In a move that could be its final action regarding computer security issues, the Clinton administration acknowledged that it can't control security using hardware-based measures because even the most innocuous home PCs can be strung together to form a powerful computing system. The Department of Defense, which has been working with the White House on the issue, agreed.
"Computer hardware controls are no longer effective," Deputy Secretary of Defense Rudy DeLeon said during a conference call with reporters also attended by administration officials.
In effect, the proposals, if approved by Congress, would mean that companies could ship systems containing the equivalent of 32 linked Pentium IIIs to all but the most renegade countries without restrictions. Clinton officials said they hoped the Bush administration would study the proposals and encourage their adoption.
The Clinton administration also wants to move several countries into the so-called Tier 1 category for computer exports, a category that currently encompasses the United States' closest allies, including Western Europe, Japan, Canada and Mexico. The regions and countries that would be moved from Tier 2 to Tier 1 would include South and Central America, South Korea, most of Africa and many Southeast Asian nations including Malaysia, Laos and Singapore.
Undersecretary of Commerce Bill Reinsch said easing restrictions on foreign shipments would be a boon to the computer industry, which has long complained that strict controls have damaged overseas business.
The tier changes would "give our companies a substantial opportunity to market computers," Reinsch said.
The Clinton administration eventually wants to see the removal of hardware controls on computer exports to countries including China and India. Restrictions on countries considered terrorist threats--including Iraq, Iran, Libya, Cuba and North Korea--would remain intact.

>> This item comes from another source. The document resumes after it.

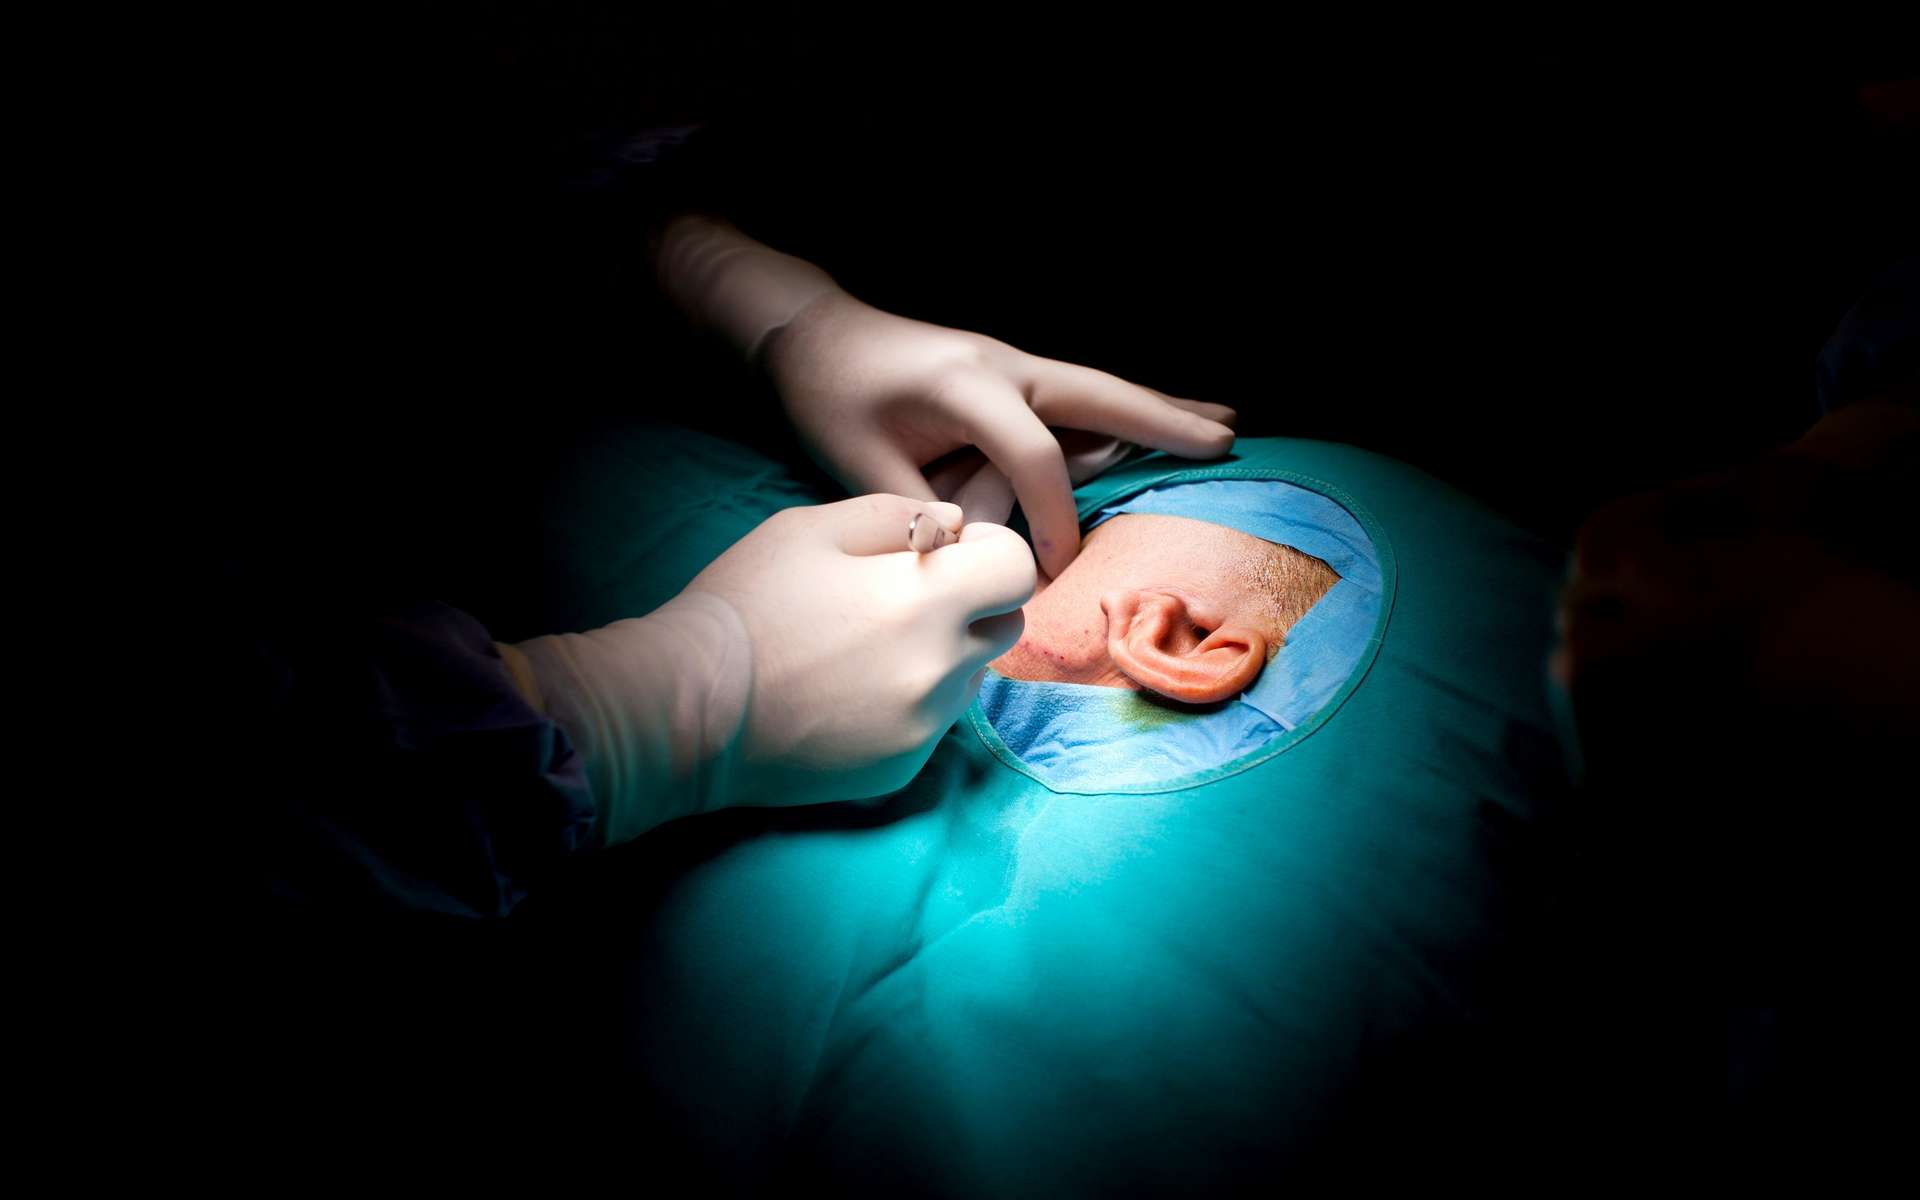 Un implant expérimental de tissu vivant bio-imprimé en 3D a été greffé sur une patiente atteinte de microtie, une maladie congénitale qui se caractérise par une oreille externe incomplète. © Ciseren, Getty Images

However, Iraq already has figured out how to get around the restrictions. Followers of Iraqi leader Saddam Hussein reportedly bought 1,400 PlayStation 2 units last year with the intent of developing a military system with the chips they contain. The gaming machines aren't subject to the same export rules as computers.
For years, the Clinton administration was at odds with the tech industry because of the administration's support of strong export restrictions. White House officials, along with the FBI, feared that allowing the export of powerful computers would enable terrorists to conduct business unchecked. However, after much lobbying from industry leaders concerned with their bottom lines and members of Congress worried about personal privacy, the administration began the process of easing the restrictions in 1999.
Wednesday's announcement marks the sixth time the White House has tinkered with export rules during Clinton's terms in office. However, the latest proposals do not affect controls on software exports or individual chips, which are still more restrictive than the computer industry would like.